- Activity
Would you print only the lines running from the one with "TREBLAB Z7 PRO" to the final line of the data below, word for word and without pictures?
------------
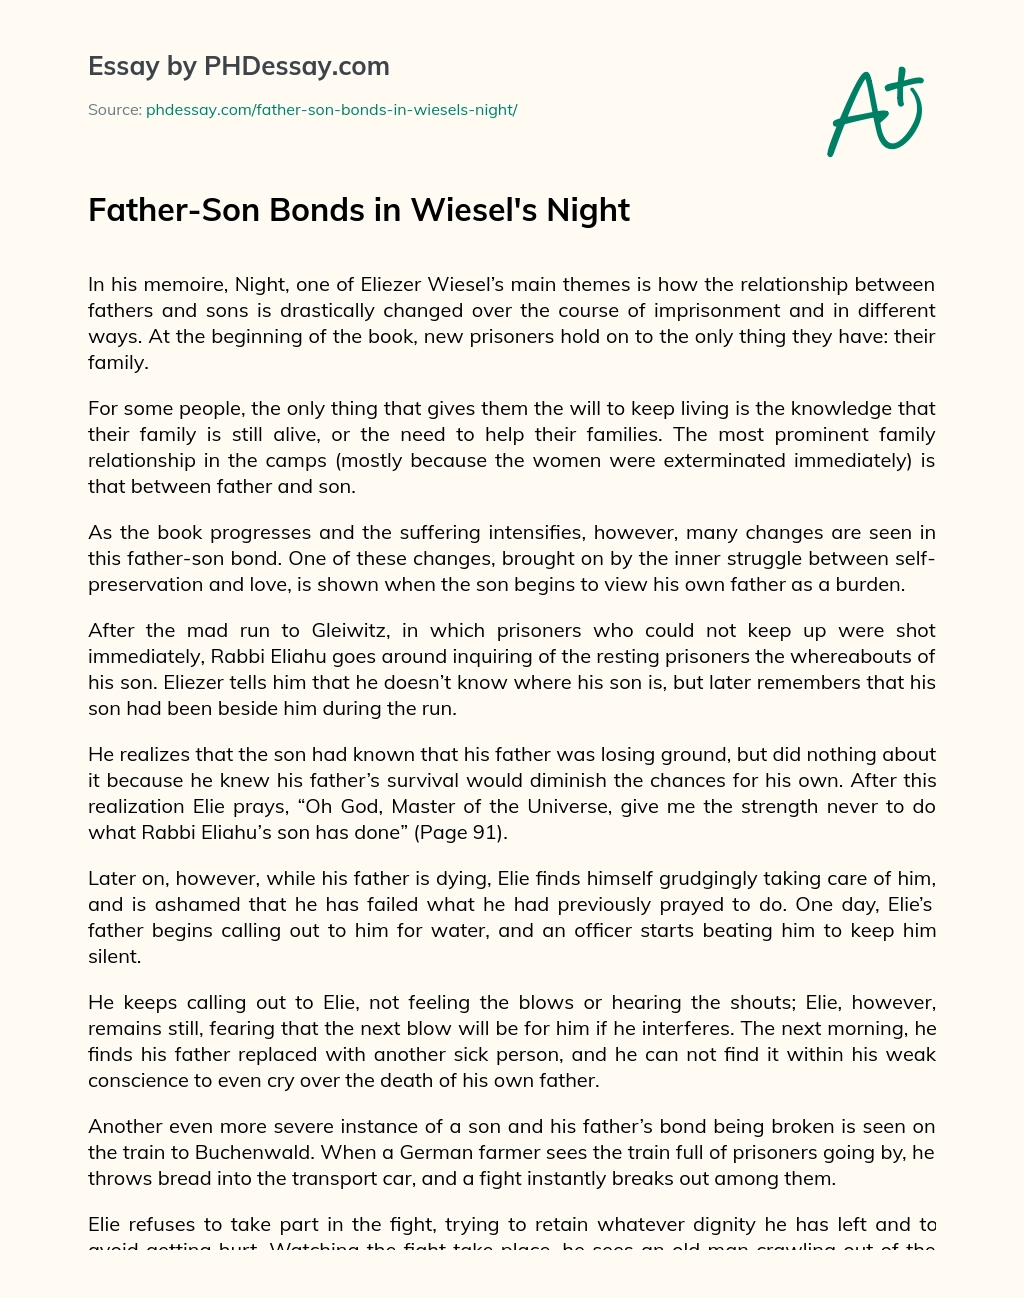 Father-Son Bonds in Wiesel’s Night essay
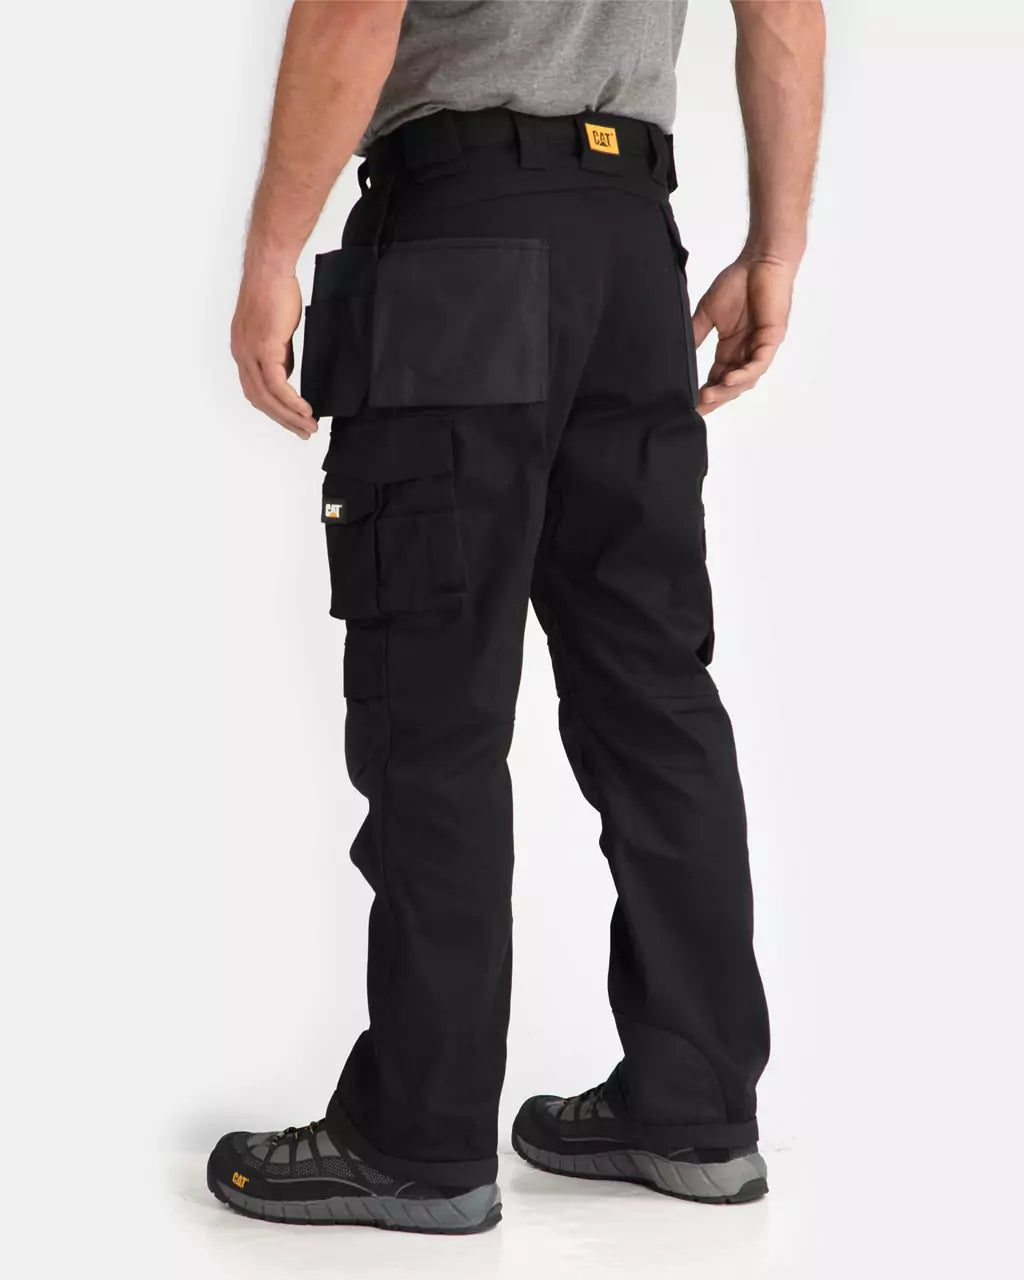  Caterpillar Men's Elite Operator Work Pants, Khaki : Clothing,  Shoes & Jewelry
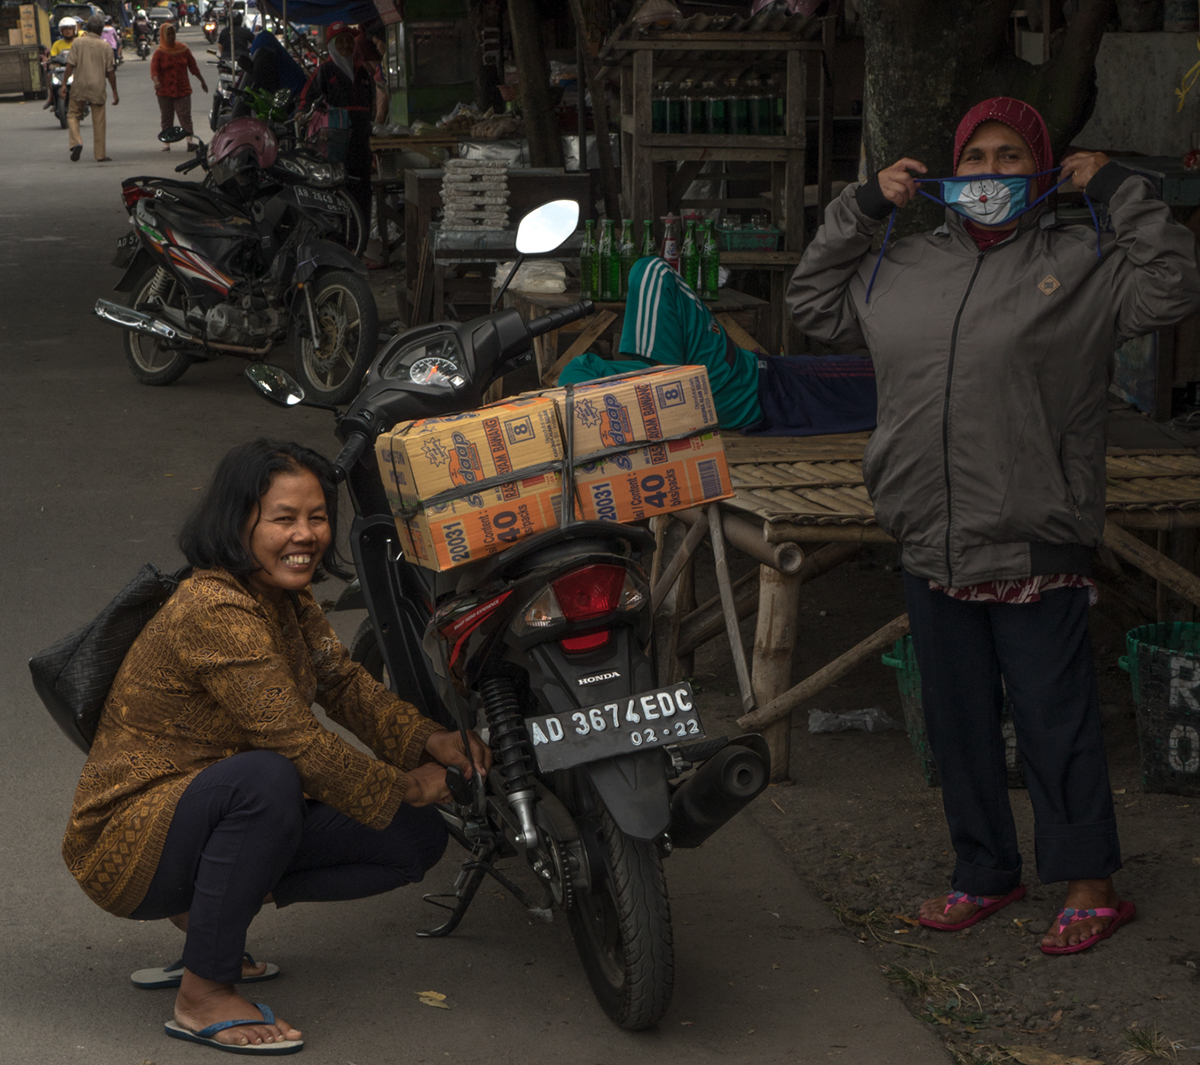 indonesia jogjakarta asia java street photography SONY DSC RX10 adventure Travel volcano intriguing
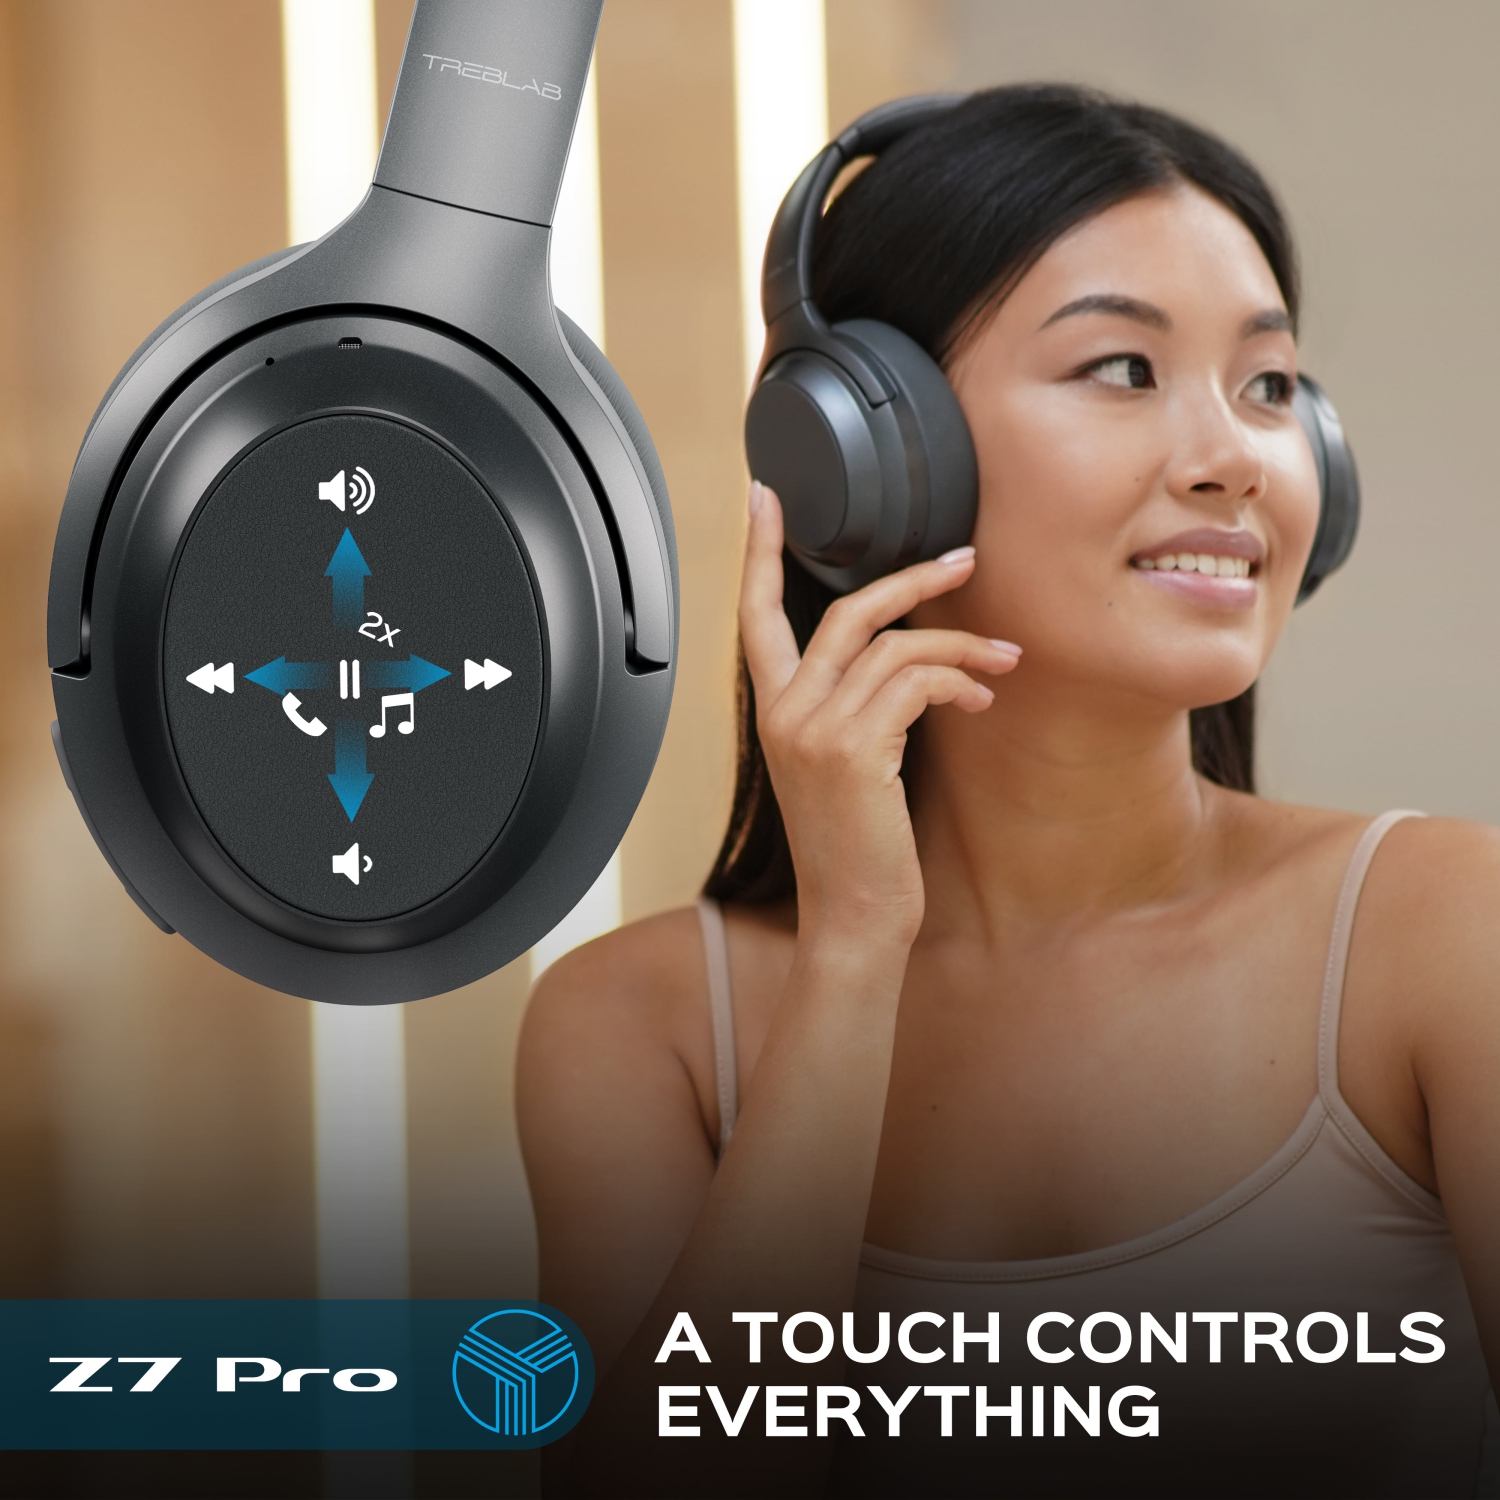 TREBLAB Z7 PRO Hybrid Active Noise Canceling Headphones with Mic
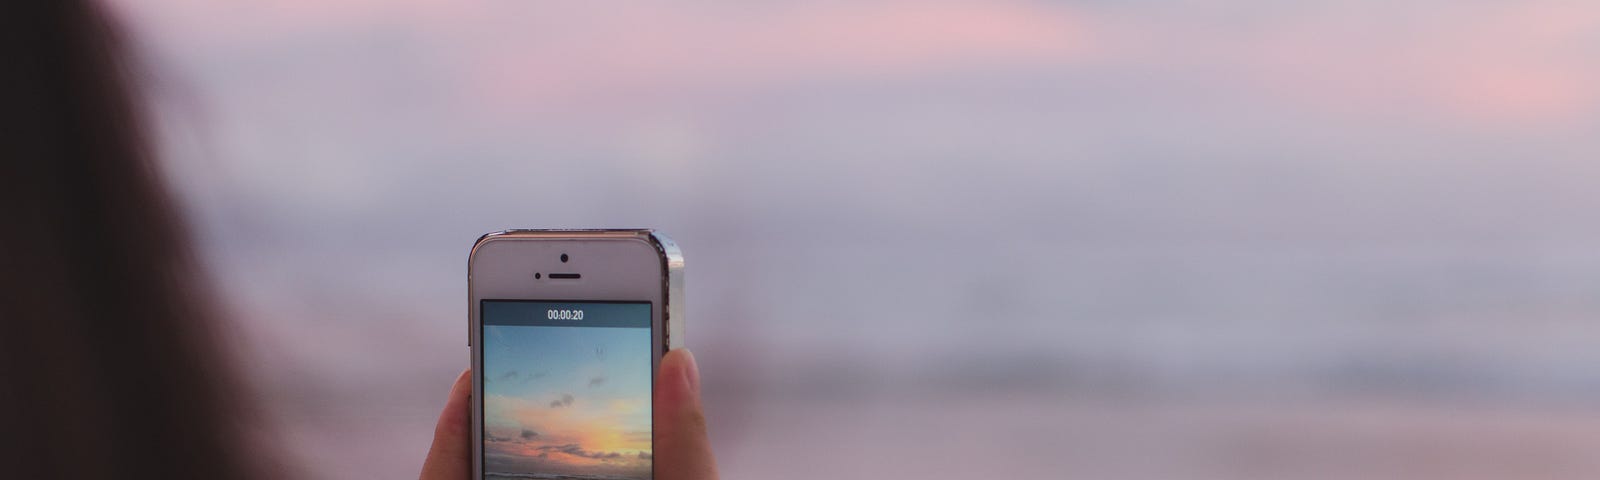 Capturing memories with an iPhone camera
------------
- Finished task
 TREBLAB Z7 PRO Hybrid Active Noise Canceling Headphones with Mic
 Capturing memories with an iPhone camera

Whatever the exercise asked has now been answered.